Vatican warns against misuse of hate-speech accusations to intimidate people of faith

So-called ‘hate speech’ laws can be used to diminish the presence of religion in public life, according to the Catholic bishop of Down & Connor, Noel Traenor.

Responding to comments on the same topic from a  Vatican official, he told The Irish Catholic: “Where faith and religion are either eroded in the public square or banished from it, they can sometimes be banished by what is effectively hate speech, total misrepresentation of religion and faith.”

He said that the equation of religious language with intolerance is problematic.

“We must be attentive lest the limitations of freedom of speech are used in a way that would erode the proper and appropriate place of religious faith or the expression of a religious voice from the public square,”

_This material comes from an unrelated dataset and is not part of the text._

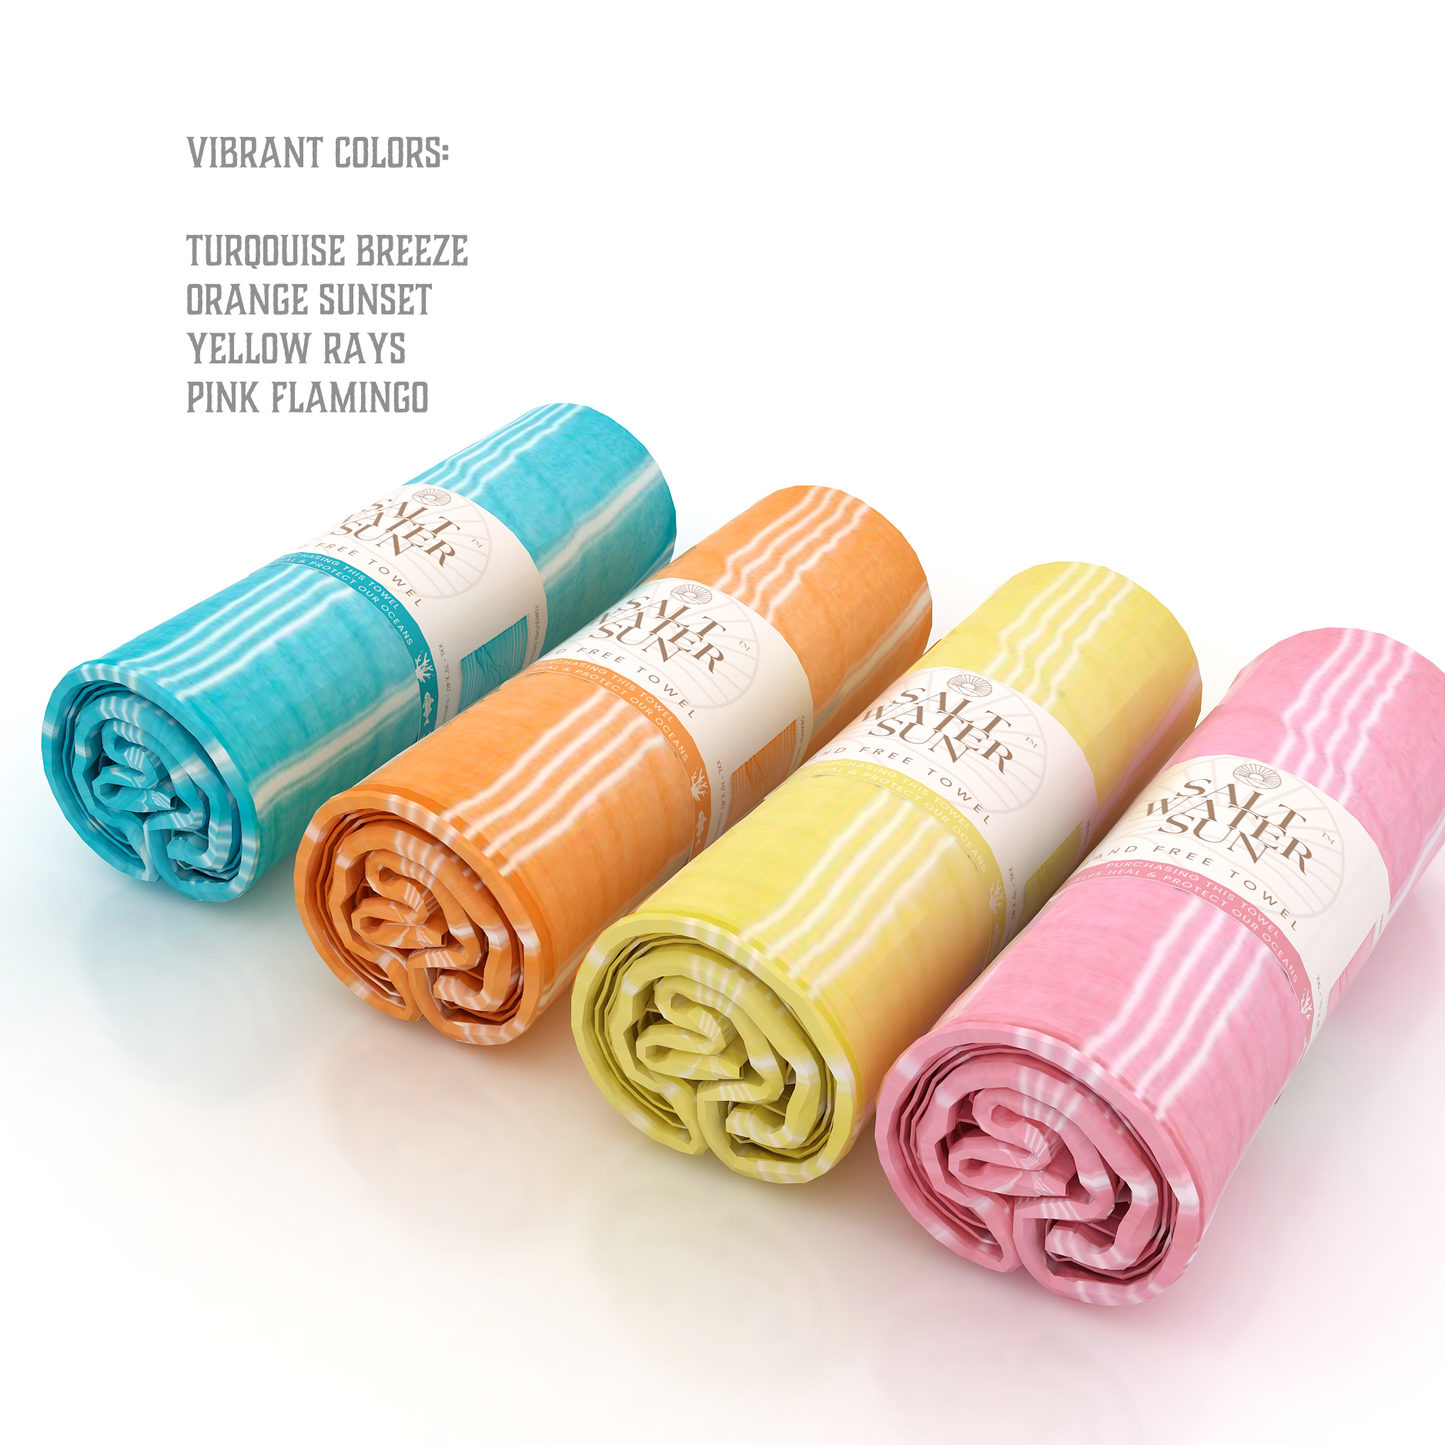 Salt Water Sun - "Grab and Go" Rolled Turkish Towels - 48 Units + Retail Store Display RT789 & RT790
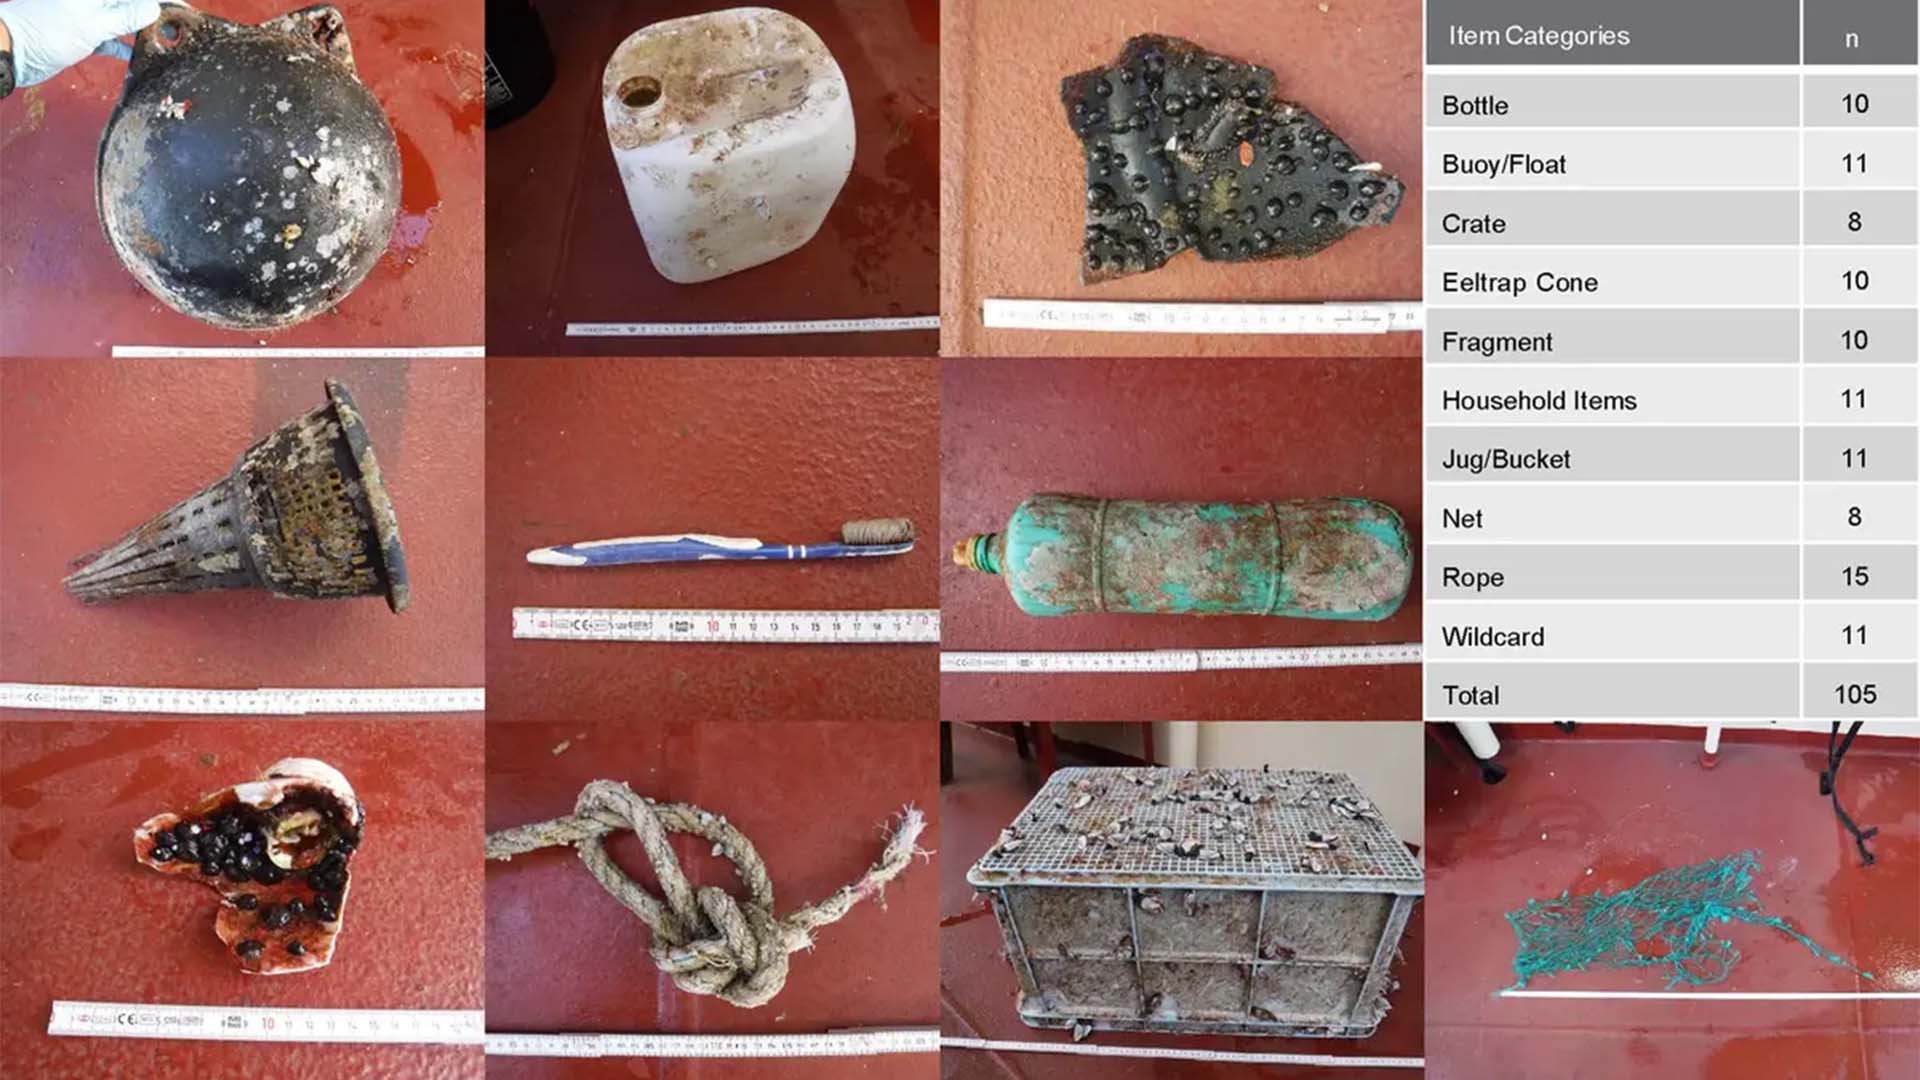 Marine debris categories collected for analysis

Msgr Janusz Urbanczyk, permanent representative of the Holy See to the Organisation for Security and Co-operation in Europe (OSCE) said he regretted “many preoccupying instances where private individuals and public officials or bodies seek to frighten or intimidate Christians, Jews, Muslims and members of other religions from expressing their faith-based opinion in the public sphere and hinder them from taking an active part in society”.  This intolerance, he said, is often advanced through accusations of “hatred” or “hate speech”, equating religious beliefs to hate and thus depicting religion as a problem.